While there are games that are openly exploitative and usually recognizable as a result, the bigger problem is that even the most innocuous and well-intentioned apps could be giving away a lot more information than they realize. Most mobile games are built from a patchwork of software development kits and modules that already exist, so for example, if an app uses an ad platform like Facebook or Vungle to serve ads, it’s going to have Facebook’s or Vungle’s code included in the app. Since most coders are busy enough working on the main part of their apps, these chunks of additional code are often simply dropped into the app without even a second glance, and often these code blocks are also only available as binary blobs that developers can’t examine, leaving them with only the choice to include it or not include it.

This is another area where many users may not realize how important Apple’s enforcement of App Store and privacy restrictions actually is. By its very nature, iOS limits the amount of data available to third-party apps, and users need to very explicitly consent to sharing details such as location data. This is far less restrictive in the Android ecosystem, where another UC Berkeley study found 17,000 Android apps to be sharing permanent device IDs that could be used to “fingerprint” users, even across multiple apps, allowing incredibly detailed profiles to be created on users.

As the report notes, Rovio’s privacy policy for Angry Birds lists 43 data controllers and processors that it works with, including 14 advertising intermediaries, three of which were identified in a study by UC Berkeley as “extremely likely” to be in violation of the Children’s Online Privacy Protection Act (COPPA). Some of these are also currently the subject of a lawsuit by New Mexico’s Attorney General.

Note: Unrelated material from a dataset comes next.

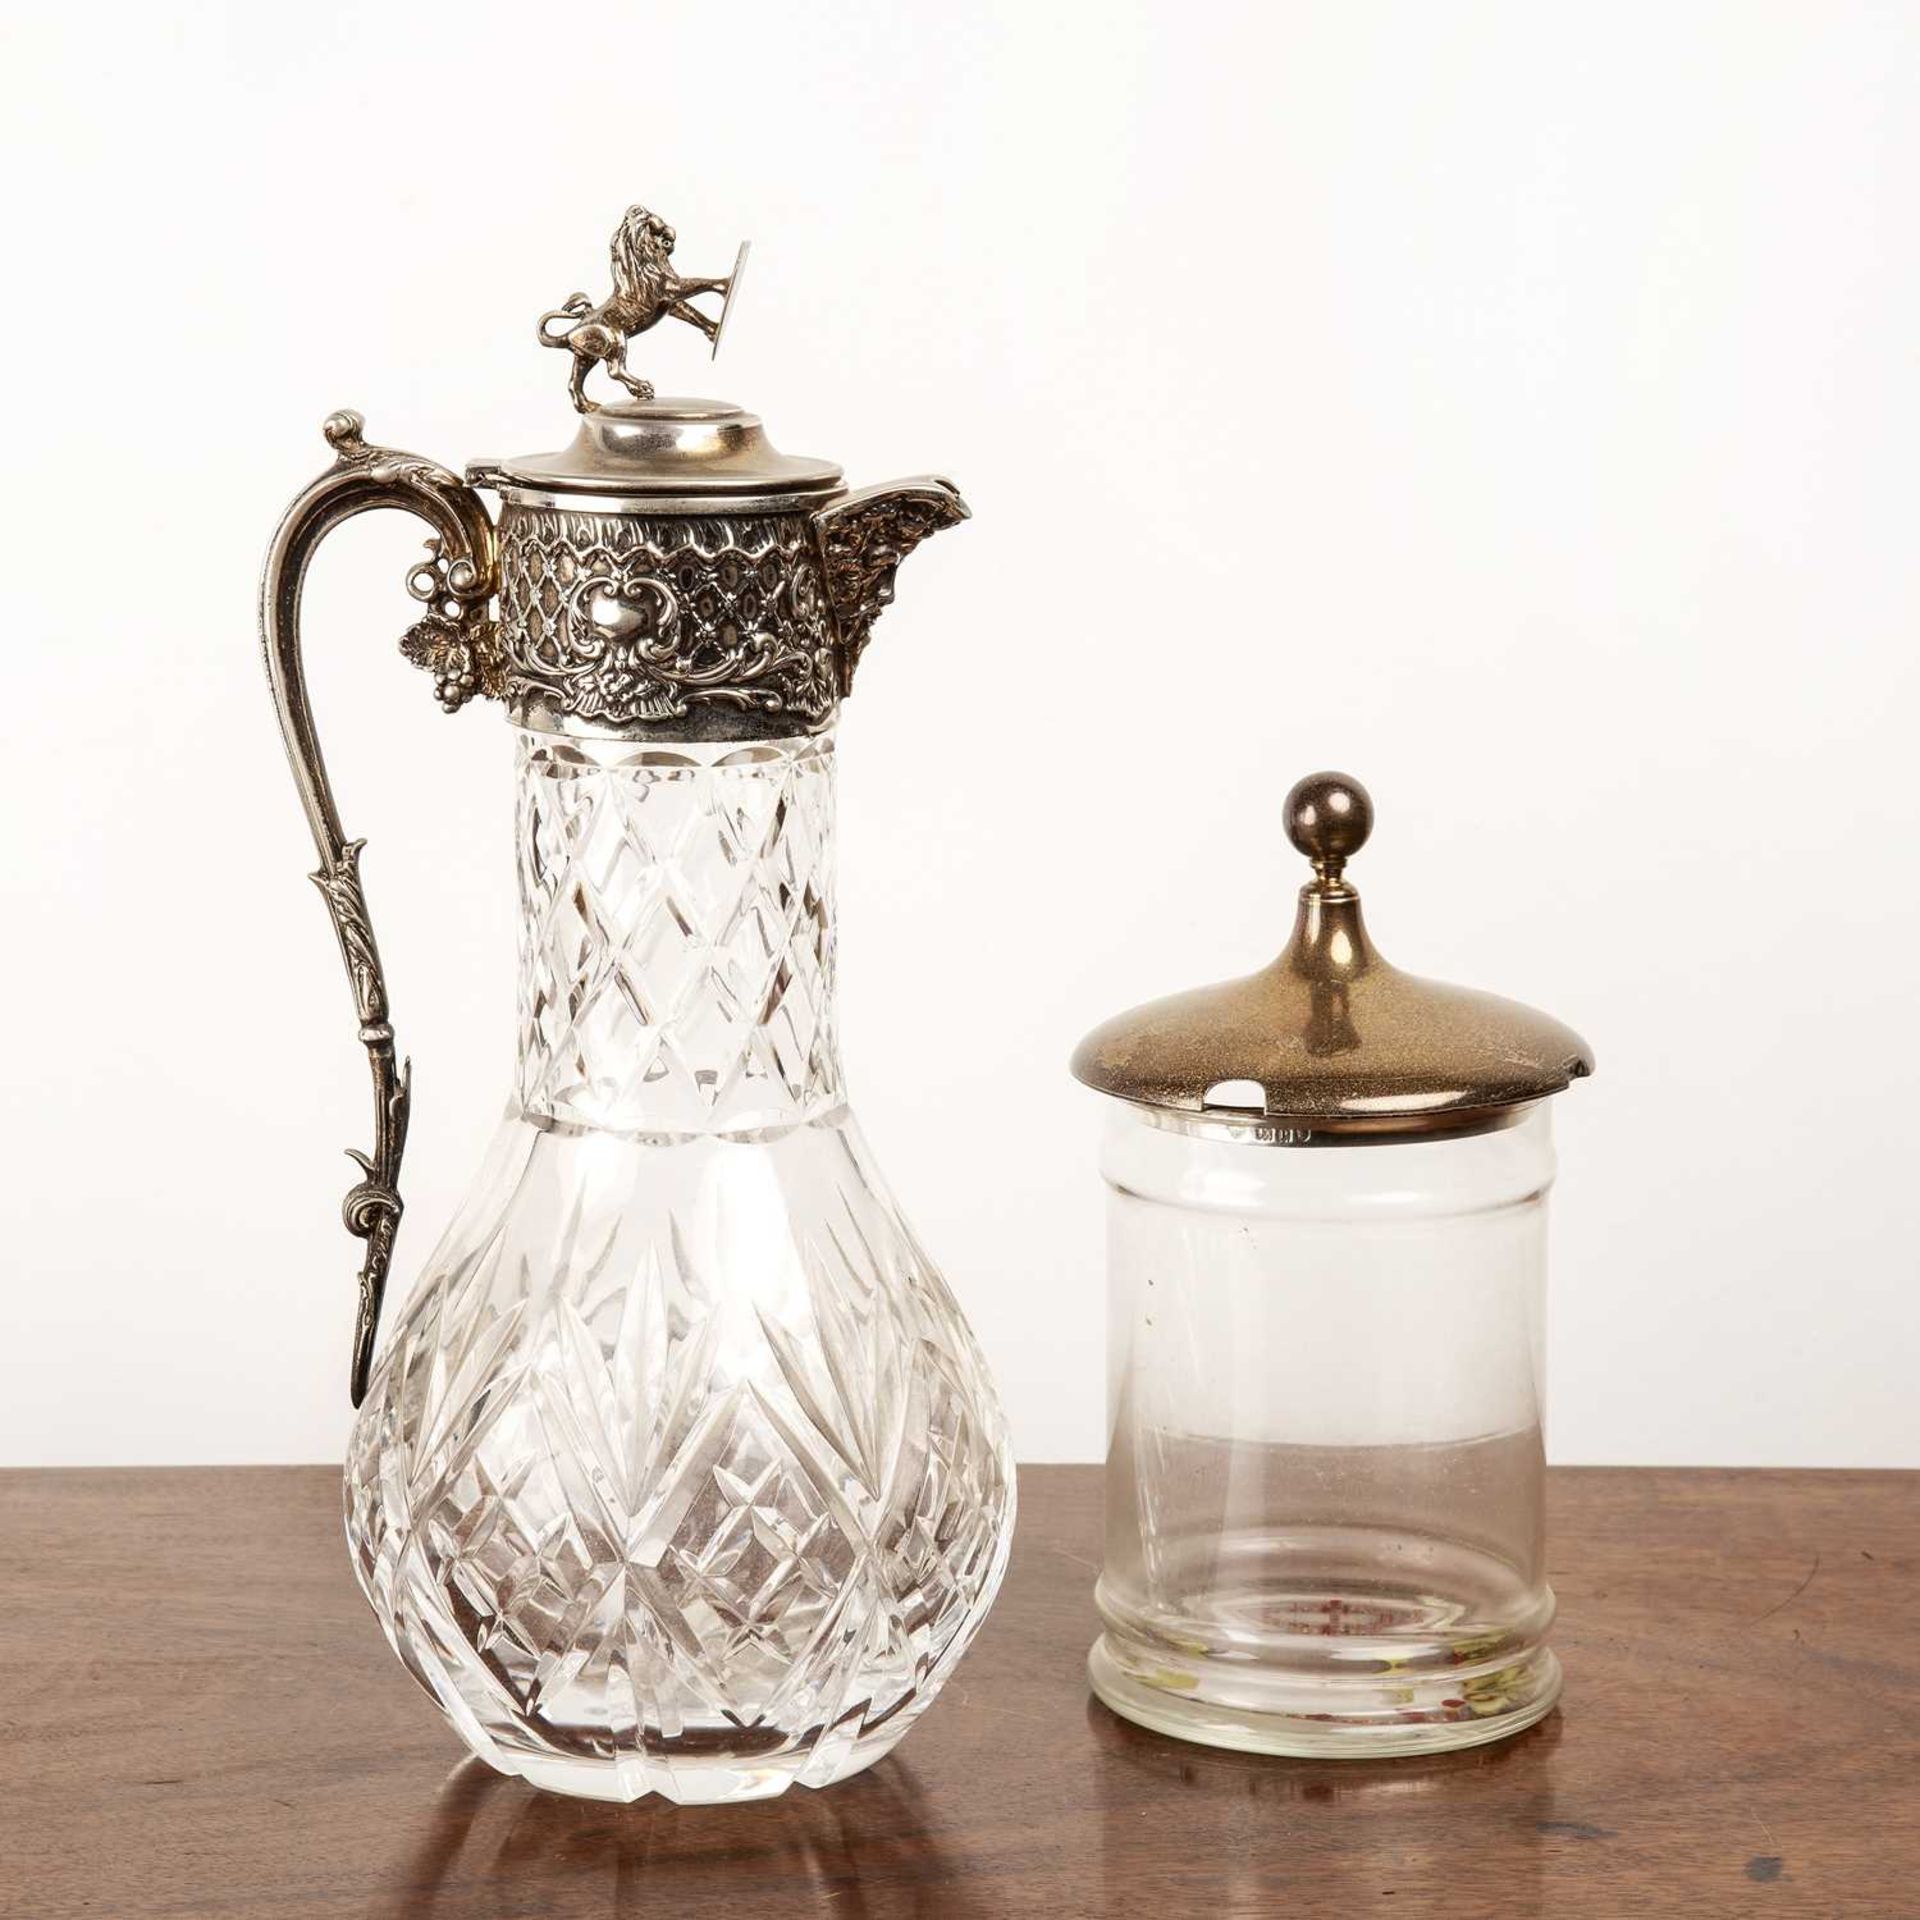 Heavy glass and silver plated claret jug with a lion finial, 30cm high and a silver lidded glass

However, when Rovio was interviewed for the report, they seemed to have little knowledge of most of these, originally denying that they used third-party advertiser code at all, but later admitting that it was sometimes necessary to do so.

Unfortunately, almost no developers actually take the time to read through the Terms of Service for all of the third-party software providers that they use to make sure that they align with their own privacy policies, which means that most game developers are likely making privacy promises that they can’t actually keep.

At the end of the day, most of the data collected is fairly innocuous in nature — especially for iOS users, where Apple seriously restricts the amount of data available to third-party apps — so there’s not much cause for serious alarm, but at the same time there’s been a disturbing trend over the past several years toward seeing more and more fingers in the data collection pie, with virtually no understanding from most users — or even developers — of what is actually being given up in exchange for free gaming.